3) I challenge you to visit a landfill, a wastewater treatment plant, or a factory animal farm. Then I challenge you to somehow preserve the shock-and-awe of what we are doing to our natural resources (i feel like senseless rape is a pretty good descriptor, since its not consensual and we don't even appreciate it). Use that energy to waste-less. Consciously think about your power usage (do you sleep with lights on? If so, we cant be friends), water usage (but i NEED to shower in the morning to wake up AND at night to go to bed), and garbage creation (1 bag a day). Then, make some minor adjustments (one light at a time, 1000 gallons a month, 1 bag of garbage a week, 1 bag of recyclables a day).

We may never truly know whether or not we are affecting the climate, but we can damn well be sure we are affecting our waterways, our health, and the local environment around us. The thing is that if we focus on improving areas such as these last 3, then the climate problem, if there is one would go away. And if there is no climate problem, well then, we will have still improved our quality of life...which as it stands now, is not something we want to do. How does that make sense?

Saturday, June 05, 2010

Day 1- Ok, the real day 1


The race car bed, while it looks cool, actually feels kind of like sleeping on a race car (i.e. not comfortable). At 1:30, when the rooster crowed, I definitely heard it. He must have been on eastern…china’s time zone. It wasn’t even close to being light outside.

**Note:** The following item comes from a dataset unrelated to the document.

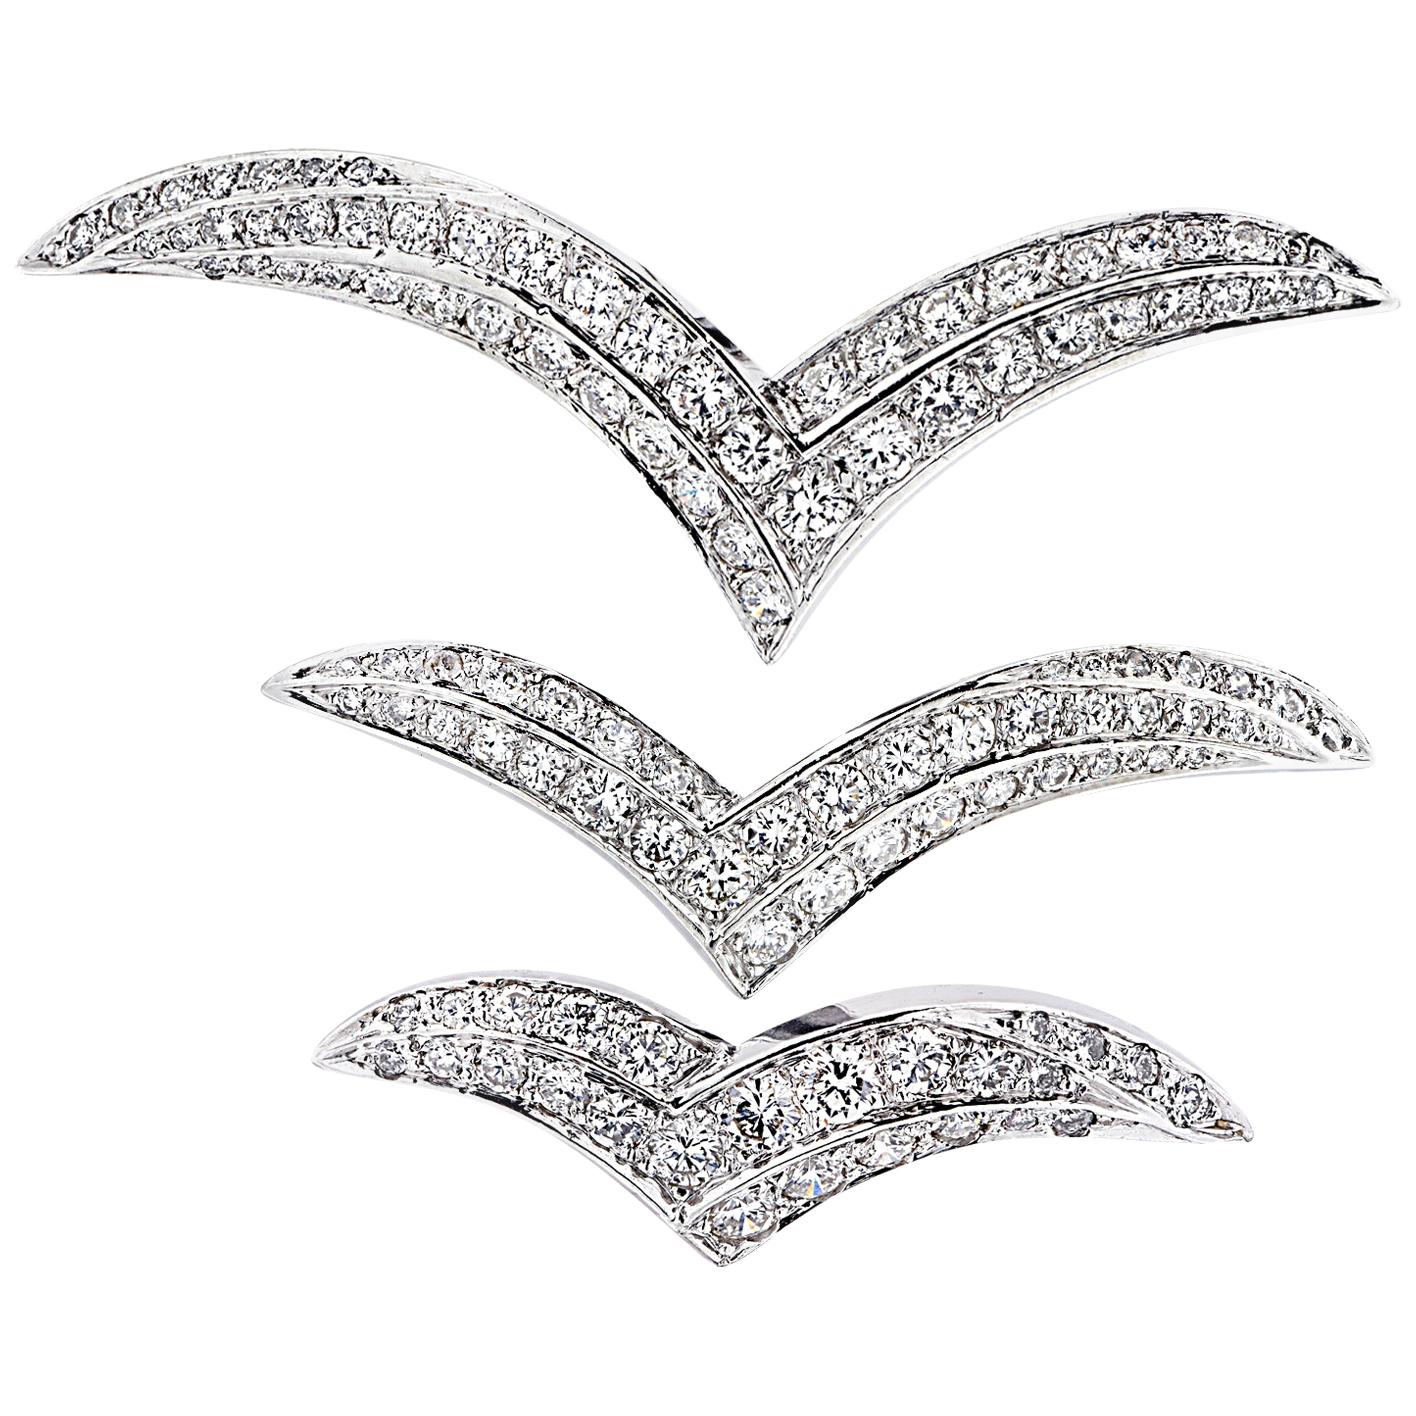 4 Carat Diamond Wing Brooch Pin Set
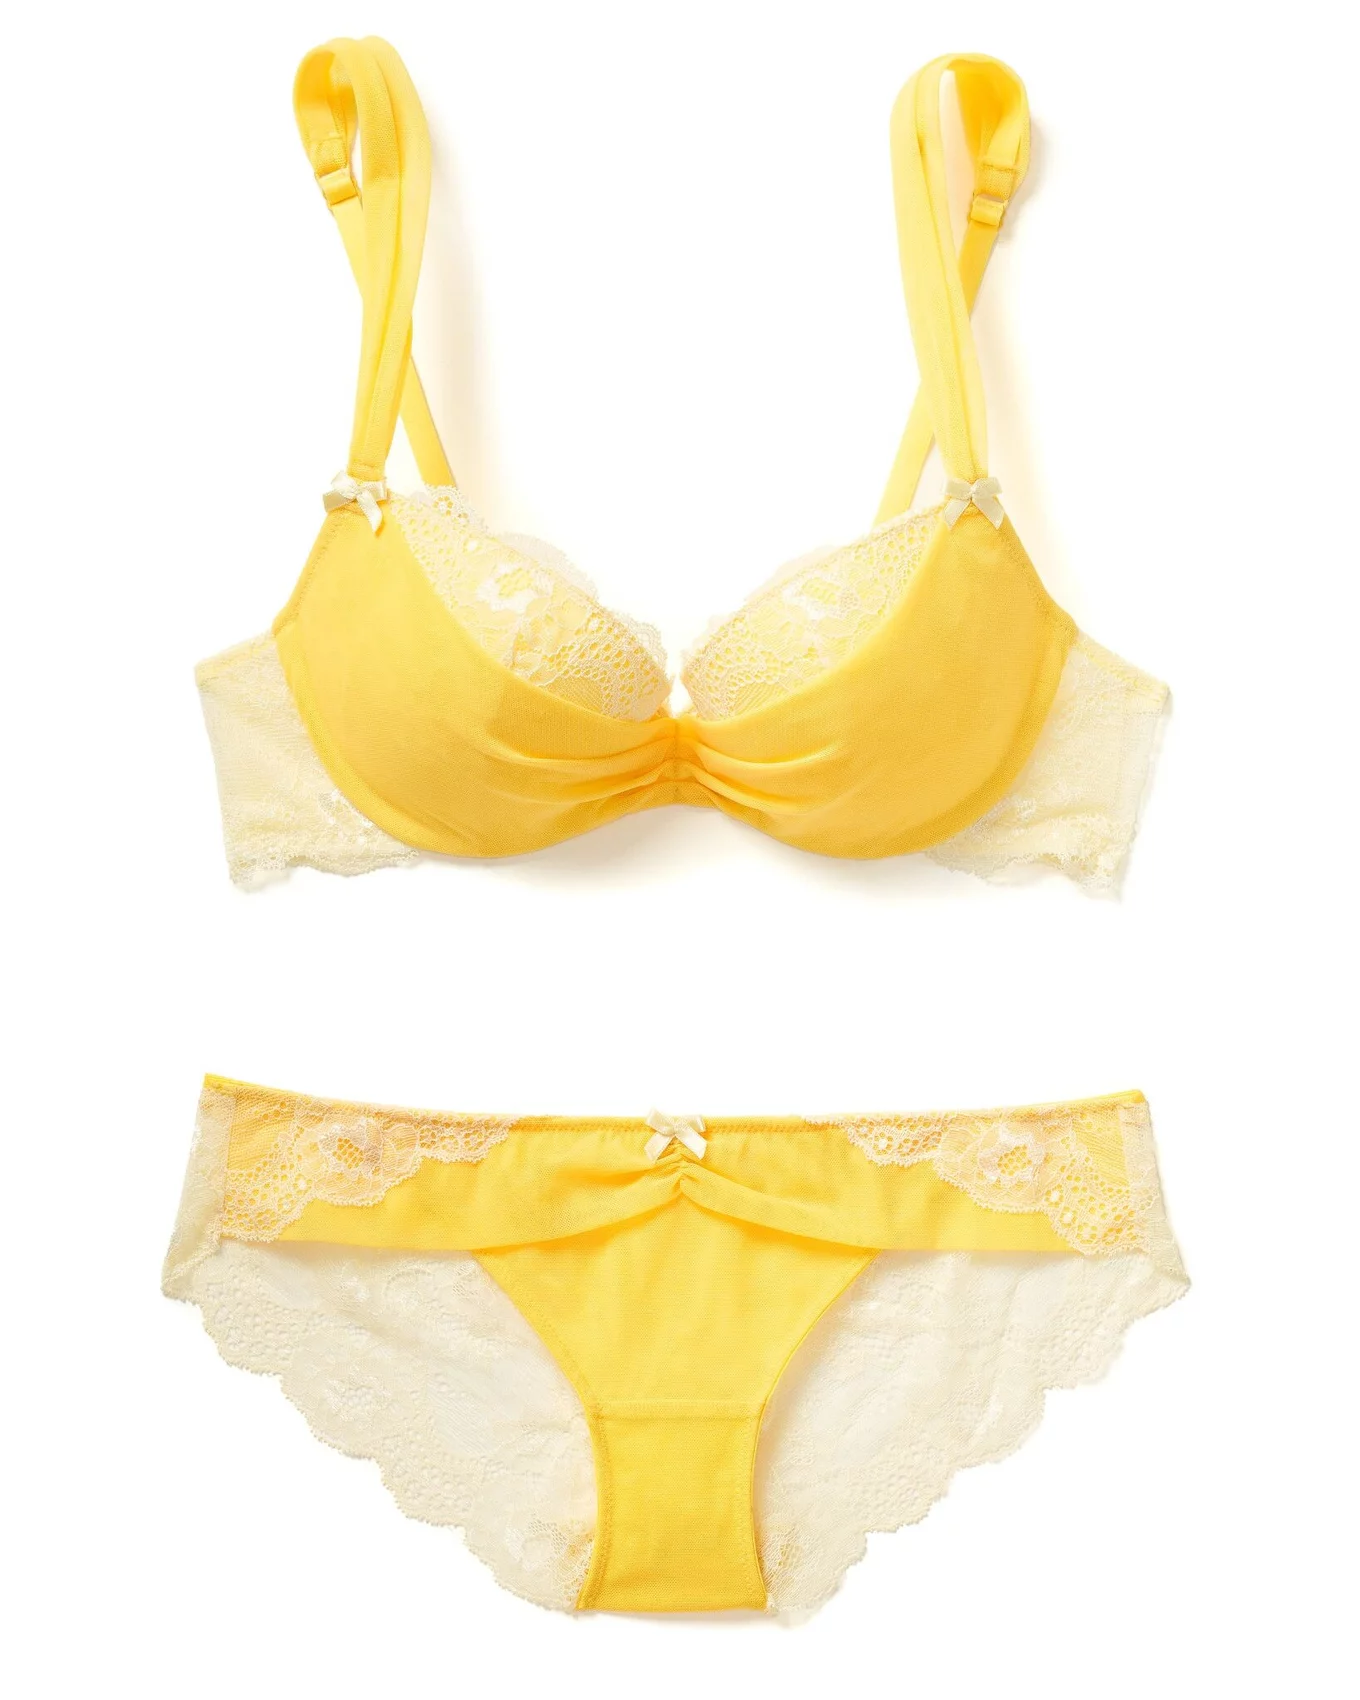 ❗️38b yellow bra and XL thong panty set

Anyway, when it became light outside, we got up and rejoined the group back at Julietta’s house (oh, I how I love that home). She had some breakfast breads, refried beans, fresh cheese, Jugo Naranja and Jugo Pina (OJ and pinapple juice). So so good. (I pretty much spent the week eating my food and anyone else’s who didn’t clean there plate and who was in arm’s reach).

It being Sunday, we went to the local church. Everyone in the community was so welcoming. At one point during the service a song was playing and people spilled out of the pews to hug and greet each other. It was like the exchanging of the peace except it was way more friendly and way more chaotic.

Post-church we went to the lot next door for more eating, some soccer, and just generally hanging out. More awesome food! This is where I learned a particular something called Tomatillo sauce. A Tomatillo is a small, green, unripe tomato. When you mix it with equal parts Jalapeno, it makes the most potent of sauces…and I couldn’t get enough of it.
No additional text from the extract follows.